◆ **WHAT IS EXPECTED**
Copy out again, unchanged, the listing below from the line that has "Triyaj Karar Verme" through the line that has "Bulk shipment Orathanadu to Dandisahi".
++++++++++
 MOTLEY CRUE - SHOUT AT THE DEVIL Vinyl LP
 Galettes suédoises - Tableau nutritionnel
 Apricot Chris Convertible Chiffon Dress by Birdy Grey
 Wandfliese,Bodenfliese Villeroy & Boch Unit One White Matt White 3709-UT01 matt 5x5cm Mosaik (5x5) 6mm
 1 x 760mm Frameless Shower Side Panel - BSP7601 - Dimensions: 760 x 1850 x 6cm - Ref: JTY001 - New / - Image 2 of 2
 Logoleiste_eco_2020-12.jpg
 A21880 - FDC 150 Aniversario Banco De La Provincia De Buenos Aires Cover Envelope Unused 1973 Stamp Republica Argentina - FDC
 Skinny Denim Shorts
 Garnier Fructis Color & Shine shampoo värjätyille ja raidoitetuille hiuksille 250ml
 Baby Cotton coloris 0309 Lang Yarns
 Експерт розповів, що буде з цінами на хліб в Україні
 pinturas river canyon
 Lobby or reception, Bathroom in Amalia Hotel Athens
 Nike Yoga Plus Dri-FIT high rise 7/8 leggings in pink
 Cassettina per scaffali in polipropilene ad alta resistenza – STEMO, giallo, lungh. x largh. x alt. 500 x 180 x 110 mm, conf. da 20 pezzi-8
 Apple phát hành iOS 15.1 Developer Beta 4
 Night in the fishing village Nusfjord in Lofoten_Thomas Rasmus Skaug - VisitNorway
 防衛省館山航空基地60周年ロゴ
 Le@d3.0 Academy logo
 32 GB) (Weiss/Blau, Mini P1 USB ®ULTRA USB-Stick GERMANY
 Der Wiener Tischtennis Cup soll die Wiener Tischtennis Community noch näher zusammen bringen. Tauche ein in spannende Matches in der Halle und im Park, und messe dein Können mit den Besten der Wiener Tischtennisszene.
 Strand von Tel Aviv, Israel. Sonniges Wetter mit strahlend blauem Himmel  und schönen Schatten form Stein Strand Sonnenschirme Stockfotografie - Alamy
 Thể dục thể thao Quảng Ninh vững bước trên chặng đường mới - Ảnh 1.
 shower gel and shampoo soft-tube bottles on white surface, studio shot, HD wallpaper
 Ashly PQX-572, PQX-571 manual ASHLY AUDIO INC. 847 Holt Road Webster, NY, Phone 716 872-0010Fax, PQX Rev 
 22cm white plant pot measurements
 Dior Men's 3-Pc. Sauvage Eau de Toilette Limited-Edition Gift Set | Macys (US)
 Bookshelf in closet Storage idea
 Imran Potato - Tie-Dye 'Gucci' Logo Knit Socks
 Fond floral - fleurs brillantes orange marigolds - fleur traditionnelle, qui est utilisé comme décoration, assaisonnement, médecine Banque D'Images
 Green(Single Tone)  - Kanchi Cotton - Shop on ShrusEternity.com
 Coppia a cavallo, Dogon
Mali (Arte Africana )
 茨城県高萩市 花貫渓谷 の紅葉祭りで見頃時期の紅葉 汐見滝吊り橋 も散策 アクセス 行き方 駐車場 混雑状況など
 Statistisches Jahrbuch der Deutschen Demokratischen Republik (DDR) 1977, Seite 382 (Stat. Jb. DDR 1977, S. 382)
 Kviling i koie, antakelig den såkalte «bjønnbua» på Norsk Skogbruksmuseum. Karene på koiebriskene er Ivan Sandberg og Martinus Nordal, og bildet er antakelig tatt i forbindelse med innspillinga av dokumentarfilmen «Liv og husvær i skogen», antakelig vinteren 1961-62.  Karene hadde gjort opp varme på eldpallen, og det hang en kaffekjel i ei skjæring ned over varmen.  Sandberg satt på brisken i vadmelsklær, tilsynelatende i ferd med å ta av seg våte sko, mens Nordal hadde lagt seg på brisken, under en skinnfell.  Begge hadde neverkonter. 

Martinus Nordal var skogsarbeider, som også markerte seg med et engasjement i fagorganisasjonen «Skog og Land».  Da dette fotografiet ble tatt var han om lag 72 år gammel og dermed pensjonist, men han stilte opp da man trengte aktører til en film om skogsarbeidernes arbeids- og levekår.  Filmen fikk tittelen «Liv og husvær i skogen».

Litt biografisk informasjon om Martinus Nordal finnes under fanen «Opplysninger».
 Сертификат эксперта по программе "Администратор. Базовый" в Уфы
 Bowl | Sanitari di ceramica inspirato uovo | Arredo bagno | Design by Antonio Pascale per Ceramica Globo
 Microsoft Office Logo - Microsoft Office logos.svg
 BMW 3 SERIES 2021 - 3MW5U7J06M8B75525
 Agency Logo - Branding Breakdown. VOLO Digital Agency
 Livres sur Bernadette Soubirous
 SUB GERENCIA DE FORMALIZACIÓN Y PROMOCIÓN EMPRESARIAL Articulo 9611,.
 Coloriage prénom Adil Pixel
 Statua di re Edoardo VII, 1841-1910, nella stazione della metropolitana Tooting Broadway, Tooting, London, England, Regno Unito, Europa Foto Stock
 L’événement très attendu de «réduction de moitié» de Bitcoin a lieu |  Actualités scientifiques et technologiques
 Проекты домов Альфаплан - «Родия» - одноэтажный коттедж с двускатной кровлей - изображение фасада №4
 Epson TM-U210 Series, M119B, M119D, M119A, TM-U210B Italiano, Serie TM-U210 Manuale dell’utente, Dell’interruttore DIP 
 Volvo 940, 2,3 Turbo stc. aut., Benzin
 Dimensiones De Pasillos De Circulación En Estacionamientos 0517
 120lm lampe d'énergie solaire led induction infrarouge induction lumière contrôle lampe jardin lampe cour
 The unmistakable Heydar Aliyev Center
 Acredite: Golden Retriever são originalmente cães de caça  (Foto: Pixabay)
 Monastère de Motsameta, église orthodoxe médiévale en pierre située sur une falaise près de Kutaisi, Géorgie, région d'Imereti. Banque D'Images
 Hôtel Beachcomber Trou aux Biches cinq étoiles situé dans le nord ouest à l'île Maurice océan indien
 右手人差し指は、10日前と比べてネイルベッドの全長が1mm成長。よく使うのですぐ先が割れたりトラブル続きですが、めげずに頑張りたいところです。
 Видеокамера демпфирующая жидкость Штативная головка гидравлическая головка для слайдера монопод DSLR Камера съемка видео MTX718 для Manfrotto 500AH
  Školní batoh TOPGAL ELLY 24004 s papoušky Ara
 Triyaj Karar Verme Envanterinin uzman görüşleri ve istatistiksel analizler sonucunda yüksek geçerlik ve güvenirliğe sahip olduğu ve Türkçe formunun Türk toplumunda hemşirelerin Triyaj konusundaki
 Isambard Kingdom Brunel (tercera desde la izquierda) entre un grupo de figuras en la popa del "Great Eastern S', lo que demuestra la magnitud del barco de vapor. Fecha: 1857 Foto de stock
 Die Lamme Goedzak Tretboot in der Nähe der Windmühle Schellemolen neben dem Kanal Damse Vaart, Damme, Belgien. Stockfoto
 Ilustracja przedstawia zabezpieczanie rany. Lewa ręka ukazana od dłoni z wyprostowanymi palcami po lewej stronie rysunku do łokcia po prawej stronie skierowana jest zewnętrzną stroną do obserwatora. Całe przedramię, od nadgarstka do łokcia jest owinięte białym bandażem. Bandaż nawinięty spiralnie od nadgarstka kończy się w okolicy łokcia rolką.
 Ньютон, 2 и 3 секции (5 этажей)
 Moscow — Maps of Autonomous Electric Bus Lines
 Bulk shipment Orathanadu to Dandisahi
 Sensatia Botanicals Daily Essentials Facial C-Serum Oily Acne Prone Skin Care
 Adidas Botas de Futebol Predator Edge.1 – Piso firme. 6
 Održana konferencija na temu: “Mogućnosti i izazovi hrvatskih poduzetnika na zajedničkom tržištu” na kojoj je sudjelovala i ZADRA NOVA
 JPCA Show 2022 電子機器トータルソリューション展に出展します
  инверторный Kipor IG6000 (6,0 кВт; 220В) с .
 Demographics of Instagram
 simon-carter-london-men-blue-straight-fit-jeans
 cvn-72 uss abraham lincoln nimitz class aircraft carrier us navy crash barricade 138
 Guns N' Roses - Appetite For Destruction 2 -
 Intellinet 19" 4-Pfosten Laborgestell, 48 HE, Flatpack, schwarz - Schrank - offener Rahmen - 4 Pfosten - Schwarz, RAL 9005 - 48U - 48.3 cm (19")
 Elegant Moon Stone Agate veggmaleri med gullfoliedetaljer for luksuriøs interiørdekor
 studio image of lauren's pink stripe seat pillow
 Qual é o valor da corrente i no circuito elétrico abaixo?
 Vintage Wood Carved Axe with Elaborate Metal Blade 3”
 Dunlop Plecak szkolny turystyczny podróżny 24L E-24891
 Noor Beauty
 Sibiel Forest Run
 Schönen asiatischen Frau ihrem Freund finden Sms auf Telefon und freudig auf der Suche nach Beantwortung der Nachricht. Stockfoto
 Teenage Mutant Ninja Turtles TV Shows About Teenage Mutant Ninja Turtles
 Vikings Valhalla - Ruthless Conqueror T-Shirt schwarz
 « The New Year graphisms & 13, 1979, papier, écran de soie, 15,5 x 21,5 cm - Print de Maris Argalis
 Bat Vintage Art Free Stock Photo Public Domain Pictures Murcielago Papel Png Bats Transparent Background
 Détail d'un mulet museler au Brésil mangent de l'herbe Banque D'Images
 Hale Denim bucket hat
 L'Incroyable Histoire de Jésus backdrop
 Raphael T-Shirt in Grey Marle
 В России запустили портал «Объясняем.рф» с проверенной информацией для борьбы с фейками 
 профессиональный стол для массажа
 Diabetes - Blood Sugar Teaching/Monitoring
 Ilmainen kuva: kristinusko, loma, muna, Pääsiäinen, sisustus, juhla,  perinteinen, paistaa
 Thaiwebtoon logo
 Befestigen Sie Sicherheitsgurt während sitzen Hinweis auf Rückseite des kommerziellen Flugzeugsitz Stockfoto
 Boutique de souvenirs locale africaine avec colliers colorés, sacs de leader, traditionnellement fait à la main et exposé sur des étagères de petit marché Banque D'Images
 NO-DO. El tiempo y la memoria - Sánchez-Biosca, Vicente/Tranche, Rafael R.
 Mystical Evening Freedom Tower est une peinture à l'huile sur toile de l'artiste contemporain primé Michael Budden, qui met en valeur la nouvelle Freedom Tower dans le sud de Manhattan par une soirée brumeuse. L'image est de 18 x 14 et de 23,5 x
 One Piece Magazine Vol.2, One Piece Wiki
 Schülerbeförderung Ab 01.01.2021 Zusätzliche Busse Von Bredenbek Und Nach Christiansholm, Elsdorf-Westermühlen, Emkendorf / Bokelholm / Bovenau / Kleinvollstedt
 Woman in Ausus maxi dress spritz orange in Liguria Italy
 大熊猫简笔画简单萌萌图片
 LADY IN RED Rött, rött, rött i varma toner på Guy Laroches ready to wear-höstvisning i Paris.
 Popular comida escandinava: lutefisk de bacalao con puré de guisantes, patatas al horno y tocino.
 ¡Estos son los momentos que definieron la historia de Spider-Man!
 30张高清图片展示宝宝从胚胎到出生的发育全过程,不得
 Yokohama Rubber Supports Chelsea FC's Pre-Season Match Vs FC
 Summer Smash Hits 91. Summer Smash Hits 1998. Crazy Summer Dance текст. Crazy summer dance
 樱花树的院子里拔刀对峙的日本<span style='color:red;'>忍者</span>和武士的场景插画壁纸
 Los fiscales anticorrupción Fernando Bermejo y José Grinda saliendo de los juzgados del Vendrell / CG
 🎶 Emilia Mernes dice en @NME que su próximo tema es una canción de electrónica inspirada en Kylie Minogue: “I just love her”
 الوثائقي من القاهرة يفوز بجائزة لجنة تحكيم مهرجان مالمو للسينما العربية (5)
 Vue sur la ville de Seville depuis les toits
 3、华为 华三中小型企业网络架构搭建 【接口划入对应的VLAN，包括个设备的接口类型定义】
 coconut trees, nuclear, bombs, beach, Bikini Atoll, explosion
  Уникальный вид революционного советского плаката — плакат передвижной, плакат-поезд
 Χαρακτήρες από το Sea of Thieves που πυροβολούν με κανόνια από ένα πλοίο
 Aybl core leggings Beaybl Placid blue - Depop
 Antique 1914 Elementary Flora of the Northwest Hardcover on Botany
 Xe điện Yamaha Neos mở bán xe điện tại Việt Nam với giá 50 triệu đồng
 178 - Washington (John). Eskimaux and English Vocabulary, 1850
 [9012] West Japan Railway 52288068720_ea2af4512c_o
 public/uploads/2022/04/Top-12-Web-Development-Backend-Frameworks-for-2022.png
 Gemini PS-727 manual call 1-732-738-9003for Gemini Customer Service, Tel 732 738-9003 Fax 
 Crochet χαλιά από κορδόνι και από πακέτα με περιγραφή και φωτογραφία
++++++++++
◆ **WRITTEN RESPONSE**
 Triyaj Karar Verme Envanterinin uzman görüşleri ve istatistiksel analizler sonucunda yüksek geçerlik ve güvenirliğe sahip olduğu ve Türkçe formunun Türk toplumunda hemşirelerin Triyaj konusundaki
 Isambard Kingdom Brunel (tercera desde la izquierda) entre un grupo de figuras en la popa del "Great Eastern S', lo que demuestra la magnitud del barco de vapor. Fecha: 1857 Foto de stock
 Die Lamme Goedzak Tretboot in der Nähe der Windmühle Schellemolen neben dem Kanal Damse Vaart, Damme, Belgien. Stockfoto
 Ilustracja przedstawia zabezpieczanie rany. Lewa ręka ukazana od dłoni z wyprostowanymi palcami po lewej stronie rysunku do łokcia po prawej stronie skierowana jest zewnętrzną stroną do obserwatora. Całe przedramię, od nadgarstka do łokcia jest owinięte białym bandażem. Bandaż nawinięty spiralnie od nadgarstka kończy się w okolicy łokcia rolką.
 Ньютон, 2 и 3 секции (5 этажей)
 Moscow — Maps of Autonomous Electric Bus Lines
 Bulk shipment Orathanadu to Dandisahi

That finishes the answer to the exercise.